By Rick Nelson

What a gift, having a few pints of Ron and Sue Cloose's heavy cream in our refrigerator for the past few days.

Whipped up, this pride of the Blackstar Dairy became a luxurious final touch to an applesauce cake that I baked for my sister's and nephew's birthday celebration. It also added a rich finish to a chowder that I put together after being unable to resist the sweet corn piled high in the produce section at the Wedge Co-op.

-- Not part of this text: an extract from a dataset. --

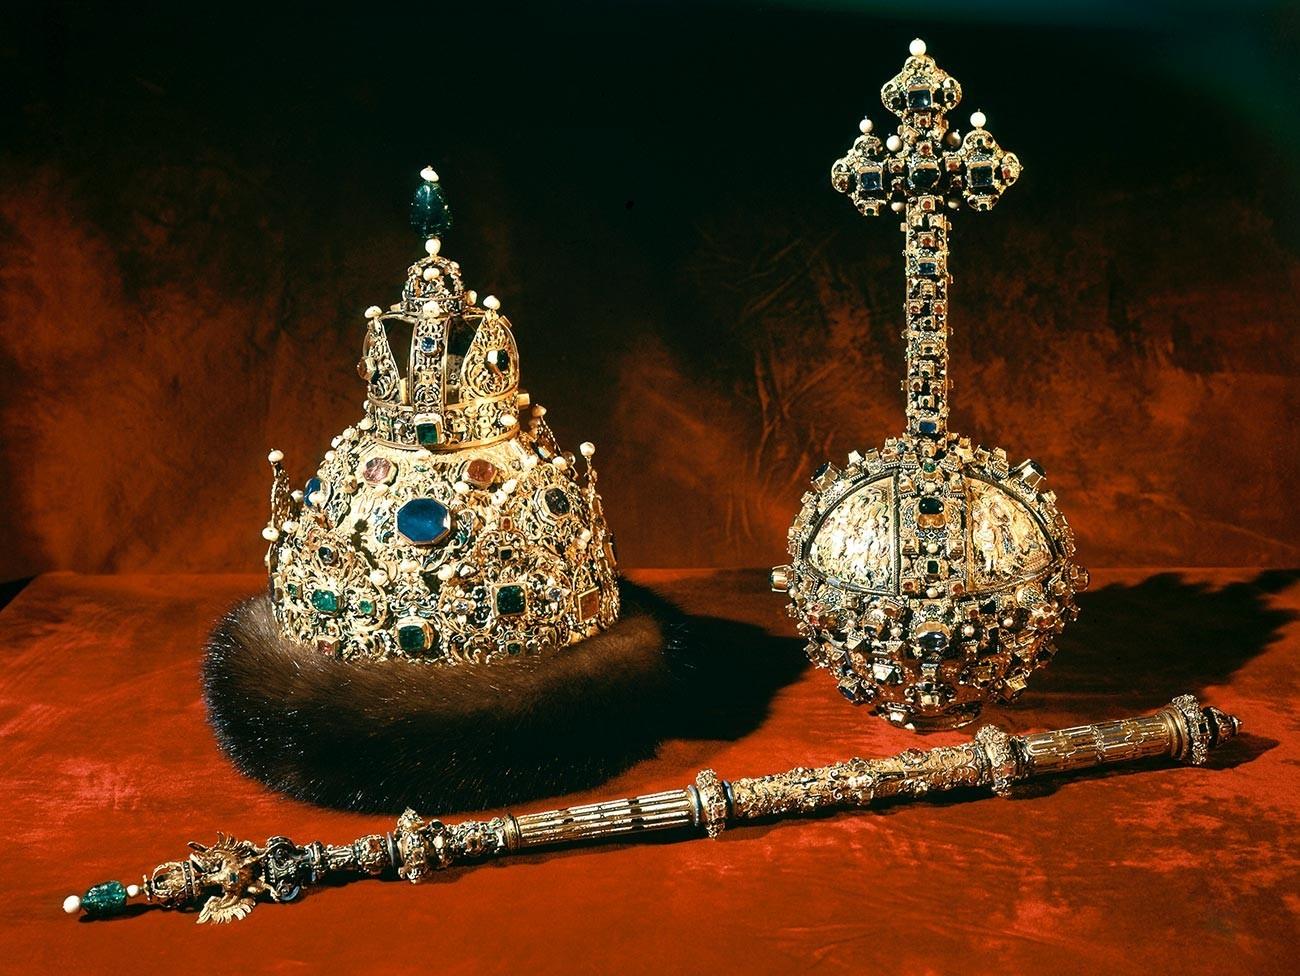 Regalia zarista rusa: la corona, el cetro y el orbe.
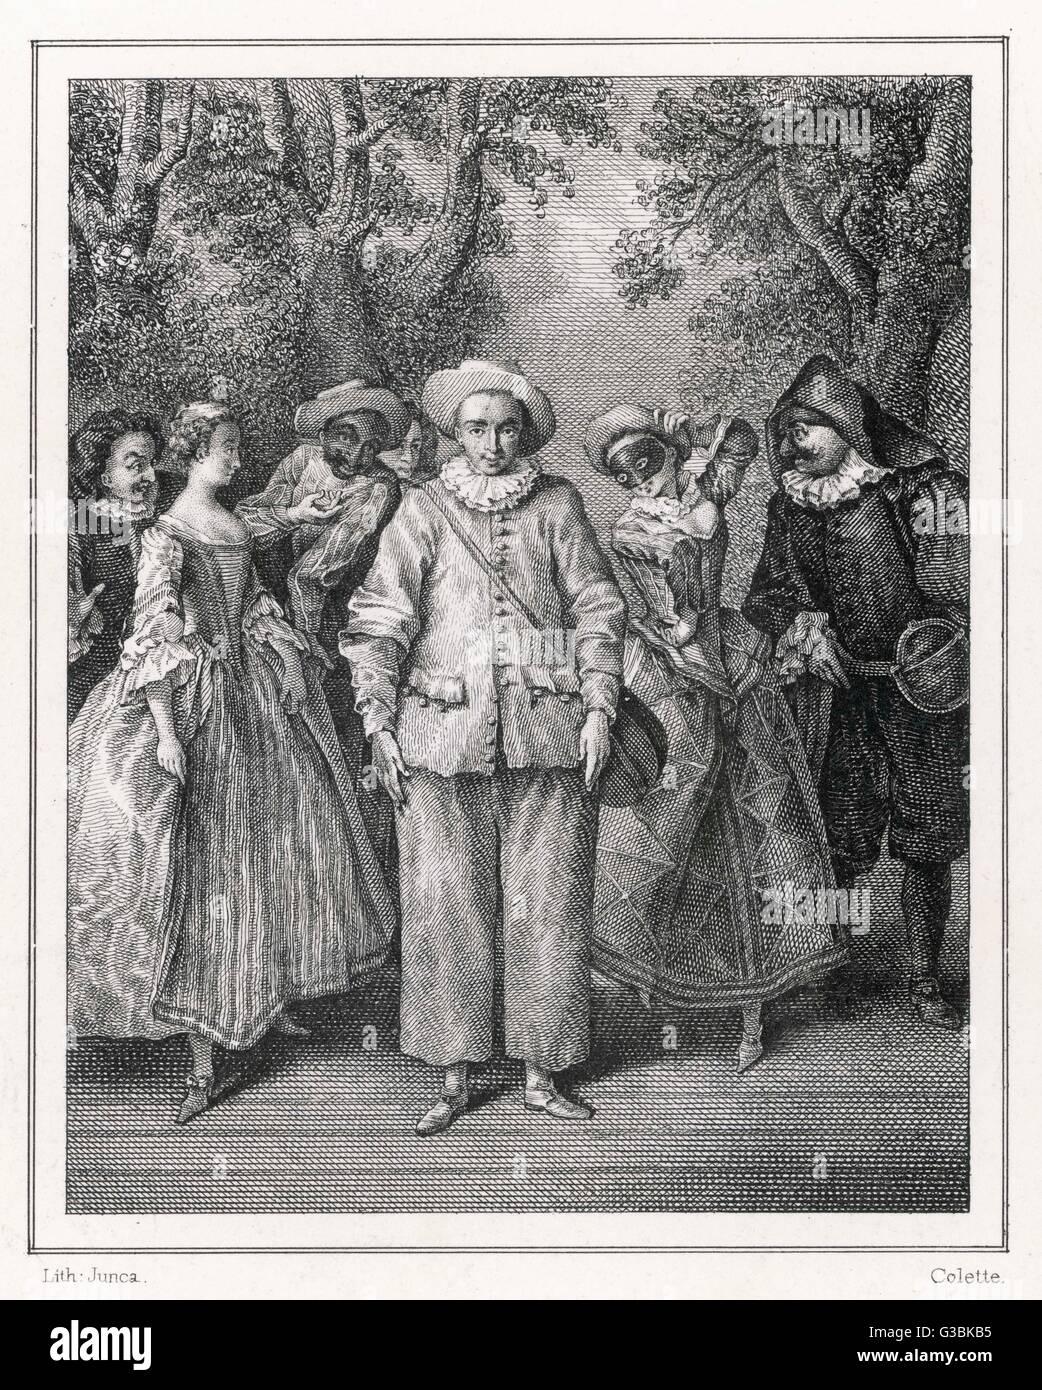 https www alamyimages fr photo image les personnages de la commedia date debut du 19eme siecle 105362857 html

But this beautiful farmstead product has really been getting a workout in the morning, called to duty as a key ingredient in scrambled eggs. This latest obsession of mine is inspired by Julia Child's can't-put-it-down autobiography, "A Life in France." Early on in the book, when Child is recounting her experience at the Cordon Bleu cooking school and sharing her affection and admiration for her favorite instructor, Chef Bugnard, my imagination was captured by a short passage. Bugnard is demonstrating how to properly prepare scrambled eggs, and Child's account of that teaching moment was such a revelation that I couldn't wait to test-drive the start-with-a-cold pan formula. She writes:

"One morning he asked, 'Who will make oefs brouilles today?' The GIs [Child's fellow students] were silent, so I volunteered for scrambled-egg duty. Bugnard watched intently as I whipped some eggs and cream into a froth, got the frying pan very hot, and slipped in a pat of butter, which hissed and browned in the pan. 'Non!' he said in horror, before I could pour the egg mixture into the pan. 'That is absolutely wrong!'

"With a smile, Chef Bugnard cracked two eggs and added a dash of salt and pepper. 'Like this,' he said, gently blending the yolks and whites together with a fork. 'Not too much.' He smeared the bottom and sides of a frying pan with butter, then gently poured the eggs in. Keeping the heat low, he stared intently at the pan. Nothing happened. After a long three minutes, the eggs began to thicken into a custard. Stirring rapidly with the fork, sliding the pan off and on the burner, Bugnard gently pulled the egg curds together – 'Keep them a little bit loose; this is very important,' he instructed. 'Now the cream or butter,' he said, looking at me with raised eyebrows. 'This will stop the cooking, you see?' I nodded, and he turned the scrambled eggs out onto a plate, sprinkled bits of parsley around, and said, 'Voila!'

Voila, indeed. After shaking off the lifelong habit of pre-heating the pan and throwing my wrist into a lively egg-cream whisking, I tried it Julia's way. The results? A plate of moist, pillow-ey eggs that shamed any and all previous attempts at what I'd always considered a no-brainer breakfast. Thanks, Julia and Chef Bugnard, for the valuable tutorial, with proper credit, of course, to the Clooses and Harmony Organics, my go-to egg purveyor.